DataModel¶

class photonforge.DataModel(s_matrix=None, s_array=None, frequencies=None, ports=None, interpolation_method='linear', interpolation_coords='mag_phase', poleresidue_kwargs={})[source]¶

Model based on existing S matrix data.

Parameters:

s_matrix (SMatrix | None) – Model data as an SMatrix instance.
s_array (Sequence[Sequence[Sequence[complex]]] | None) – Complex array with dimensions (F, N, N), in which N is the number of ports.
frequencies (Sequence[Annotated[float, minimum=0, units='Hz']] | None) – Frequency array with length F.
ports (Sequence[str] | None) – List of port names. If not set, the sorted list of port components is used.
interpolation_method (Literal['linear', 'barycentric', 'cubicspline', 'pchip', 'akima', 'makima', 'poleresidue']) – Interpolation method used for sampling frequencies. See table below for options.
interpolation_coords (Literal['real_imag', 'mag_phase']) – Coordinate system used for interpolation. One of "mag_phase" or "real_imag". Not used for "poleresidue" interpolation.
poleresidue_kwargs (Annotated[dict[str, Any], _]) – Keyword arguments to pole_residue_fit() used when using "poleresidue" interpolation.

When s_matrix is provided, s_array, frequencies, and ports should be None, otherwise only ports is optional.

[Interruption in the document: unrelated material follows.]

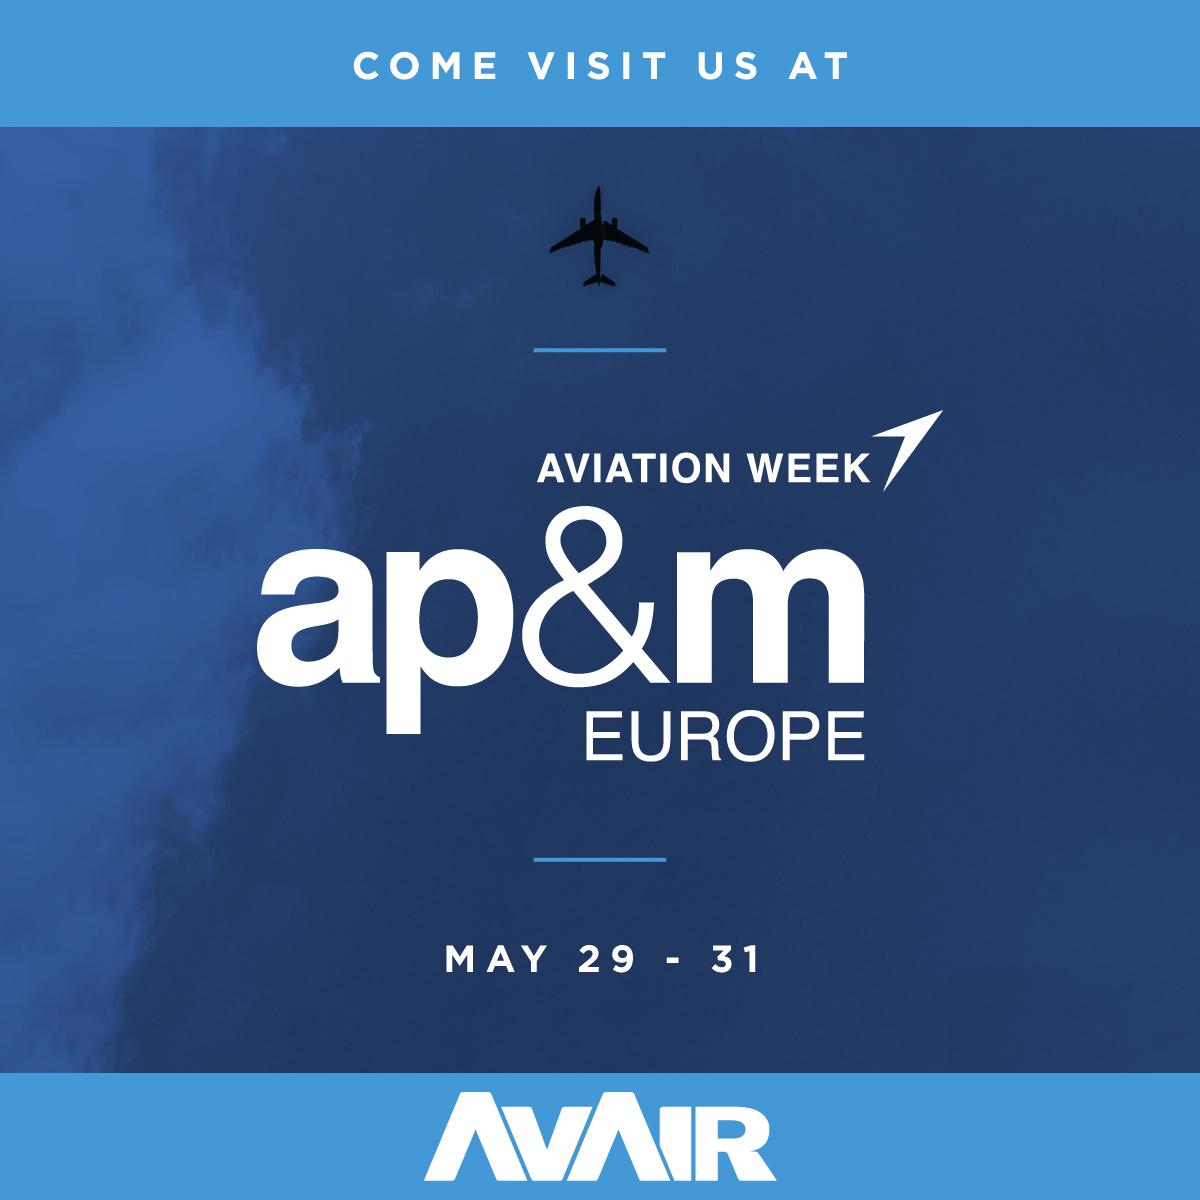 AvAir_VisitUsAnimation-mwm05222018

Interpolation method	Description
`"linear"`	Linear interpolation between neighboring points
`"poleresidue"`	Pole-residue fitting
`"barycentric"`	Barycentric Lagrange interpolation
`"cubicspline"`	Cubic spline interpolation
`"pchip"`	Piecewise cubic Hermite interpolating polynomial
`"akima"`	Akima interpolation
`"makima"`	Modified Akima interpolation

Important

Use of any interpolation method other than "linear" or "poleresidue" requires scipy >= 1.7, and "makima" requires scipy >= 1.13.

Note

The conversion from array to dictionary for s_data is equivalent to s_dict[(ports[i], ports[j])] = s_array[:, j, i].

See also

Data Model guide

Methods

`black_box_component`([port_spec, technology, ...])	Create a black-box component using this model for testing.
`estimate_cost`(args, *kwargs)	Estimate the cost for S matrix computation.
`from_bytes`(byte_repr)	De-serialize this model.
`s_matrix`(component, frequencies[, ...])	Compute the S matrix for a component using this model.
`setup_time_stepper`(component, time_step[, ...])	Obtain a time stepper for a component using this model.
`start`(component, frequencies, **kwargs)	Start computing the S matrix response from a component.
`update`(args, *kwargs)	Update this model.

Attributes

`parametric_function`	Function used to update a parametric component.
`parametric_kwargs`	Keyword arguments used to update a parametric component.
`properties`	Object properties.
`random_variables`	Random variables associated to this modles's parameters.
`time_stepper`	Time stepper associated with this model.

black_box_component(port_spec=None, technology=None, name=None)[source]¶

Create a black-box component using this model for testing.

Parameters:

port_spec (str | PortSpec | Sequence[str | PortSpec] | None) – Port specification used in the component. If None, look for "port_spec" in config.default_kwargs.
technology (Technology | None) – Component technology. If None, the default technology is used.
name (str | None) – Component name. If None a default is used.

Returns:

Component with ports and model.

Return type:

Component

classmethod from_bytes(byte_repr)[source]¶

De-serialize this model.

Parameters:: byte_repr (bytes)
Return type:: DataModel

start(component, frequencies, **kwargs)[source]¶

Start computing the S matrix response from a component.

Parameters:

component (Component) – Component from which to compute the S matrix.
frequencies (Sequence[float]) – Sequence of frequencies at which to perform the computation.
**kwargs (Any) – Unused.

Returns:

Model result with attributes status and s_matrix.

Return type:

SMatrix